Part of the deal involved the government moving to dismiss the two lawsuits, but the second plaintiff, Jacqueline Kay Poteet, appealed the dismissal of her suit, claiming the settlement was too small. Under federal whistleblower laws, whistleblowers retain 15 percent to 25 percent of the settlement amount. Poteet's case is pending in federal appeals court,
Kelley alleged in her lawsuit that she was dismissed by Medtronic after challenging improper payments.

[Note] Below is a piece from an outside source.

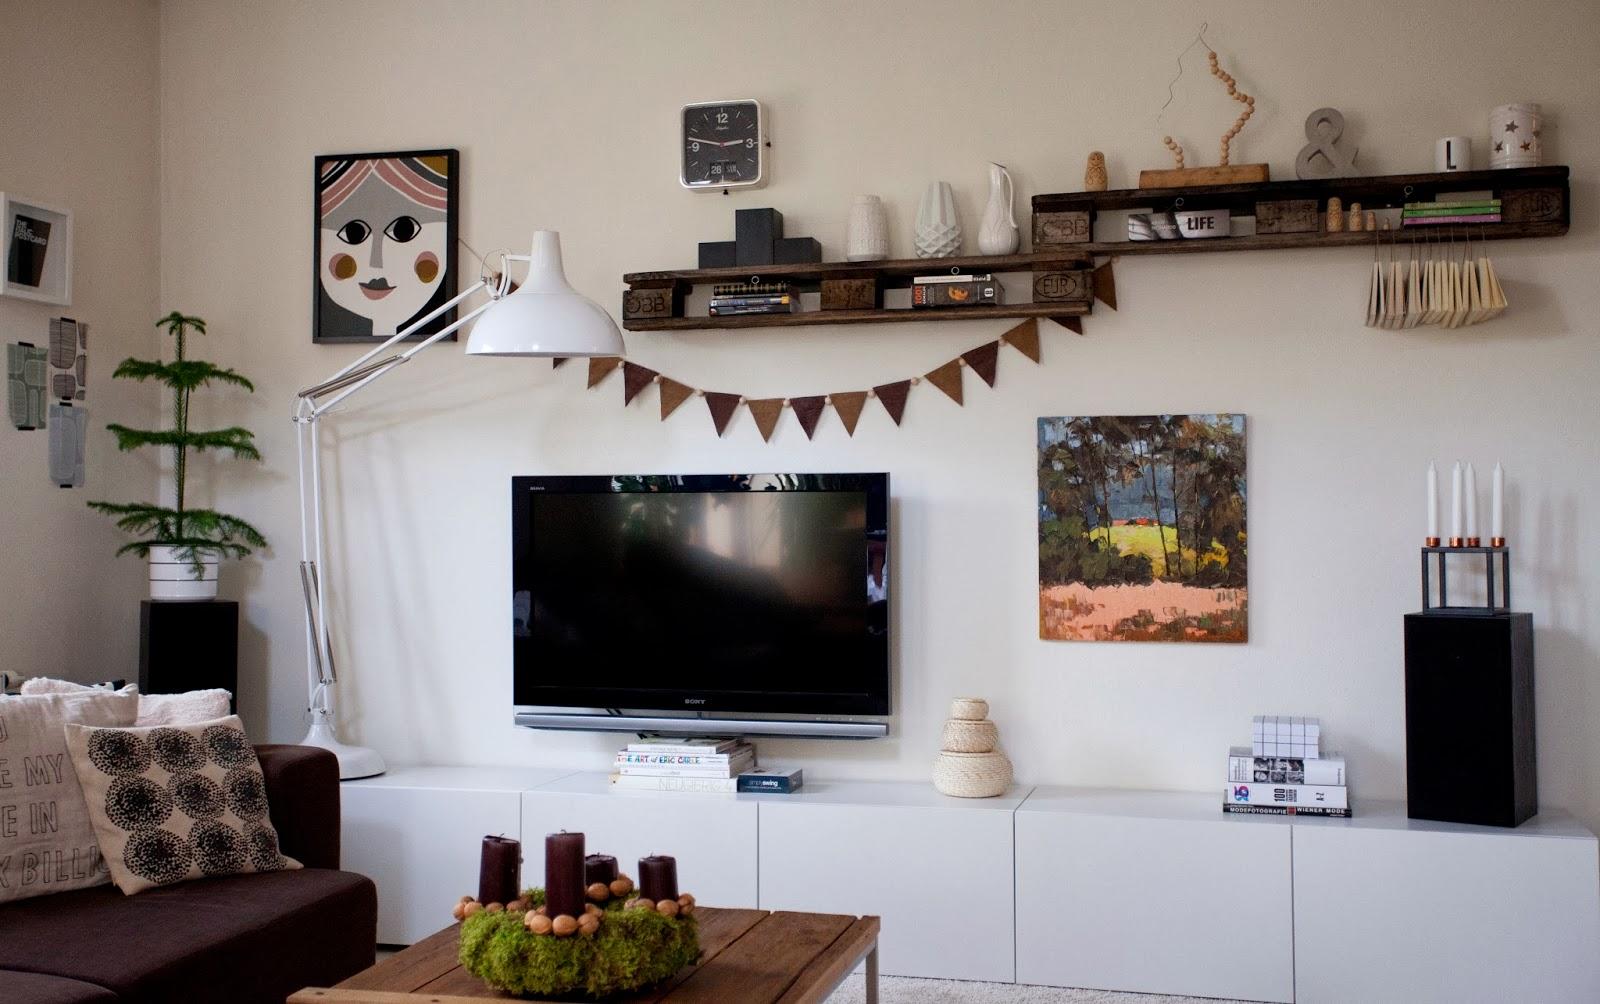 Paletten ideen wohnzimmer – dumss.com

She now works for another company, and did not return phone calls to the Journal.
The Journal said that no finding of wrongdoing has been made against the doctors.

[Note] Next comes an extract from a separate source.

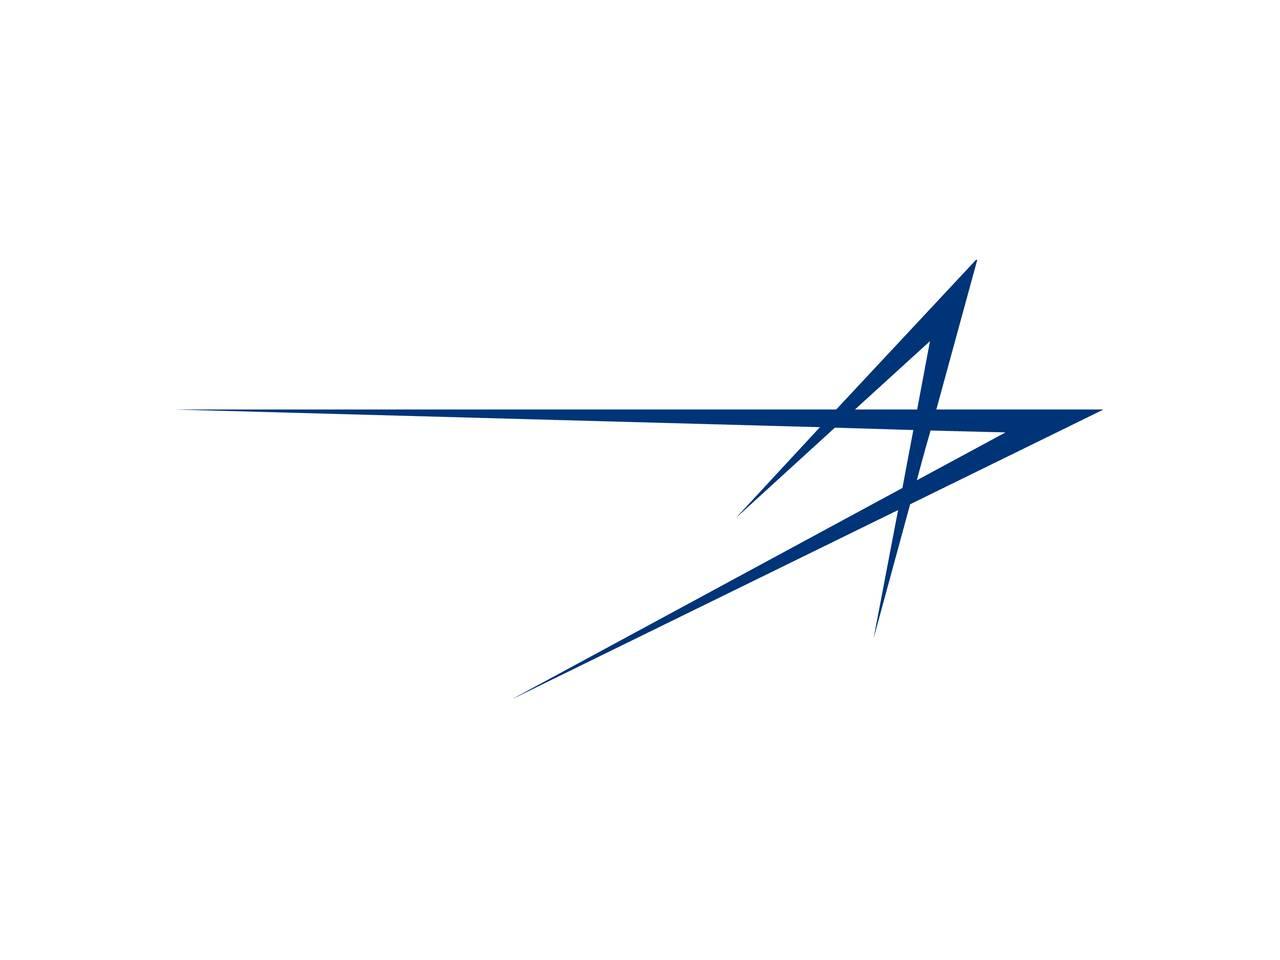 Lockheed Martin 2016 Q3 Results Earnings Call Slides Lockheed

One doctor, Jeffrey Wang, who is currently at the University of California at Los Angeles, "liked to be taken" to Platinum Plus, and emailed a Medtronic sales rep that he was "looking forward to be taken" to the club with him. A UCLA spokeswoman said Dr. Wang, who isn't named as a defendant in the suit, "denies ever being entertained by Medtronic at the Platinum club" and doesn't recall sending any such email. If he did send it, she said, "it would have been done so in jest."
Kelley also alleged in her lawsuit that Medtronic paid patent royalties to doctors even though the offered little or no advice to improve the company's products. The company also created Web sites to promote the Medtronic devices, and hired business consultants to help doctors boost profits in their medical practices.
Medtronic allegedly held two annual seminars in Orlando and Las Vegas where doctors and hospital administrators received free management advice, and supplied them with office staff.
Dr. Hallett Mathews, of Richmond, Va., allegedly was paid $450,000 a year by Medtronic in a consulting agreement, which involved counting surgeries as "consulting" work, according to the Journal. The lawsuit also alleges Medtronic provided Dr. Mathews with a credit card.
Dr. Mathews was hired last year as Medtronic's vice president of medical and clinical affairs. A spokeswoman for the company said he couldn't comment on the allegations.
Medtronic also sent doctors on lavish trips that were supposed to be medical conferences, the Kelley complaint alleges, including a five-day, all-expenses-paid trip to Alaska in 2001. This trip was called a "think tank" where doctors were supposed to present case studies from their clinical practice. But, according to the complaint, one doctor told the group that "he was sorry, but he had not prepared anything," and "drinking then commenced in place of discussion."
The suit contends that Medtronic paid for fishing guides and clothing for the doctors, and that "women were also provided for the doctors." (The suit did not elaborate.)
Medtronic also arranged a helicopter skiing trip for Dr. Patrick Johnson, a neurosurgeon who was in line for a promotion at a Los Angeles hospital, according to the lawsuit. Dr. Johnson was accompanied on the trip with Medtronic's former chief operating officer and spine-unit president Michael DeMane and former regulatory chief Jon Serbousek, the lawsuit said. Dr. Johnson, now director of education at the Cedars-Sinai Institute for Spinal Disorders, wasn't named as a defendant in the suit and couldn't be reached for comment. Serbousek couldn't be reached either. DeMane said Medtronic did not pay for the trip.
In addition, the suit alleged that at a Medtronic-sponsored "discussion group" in New Orleans, the company paid $20,000 to $25,000 to gain access for doctors to a Mardi Gras parade float and spent $15,000 to supply doctors with Mardi Gras beads, according to the Journal.
Medtronic said in Thursday's statement, that the allegations in the lawsuits "occurred years ago," but since then, the company has put more rigorous systems in place to monitor doctor-company relationships, such a confidential ethics hotline program. Employees must also adhere to the company's code of conduct, or risk termination.
The spine business has established an electronic database to track and manage relationships with customers, the company said. The transactions are subject to internal controls and review processes by Medtronic senior management, its chief compliance officer and an outside review organization.
Star Tribune staff writer Janet Moore contributed to this story.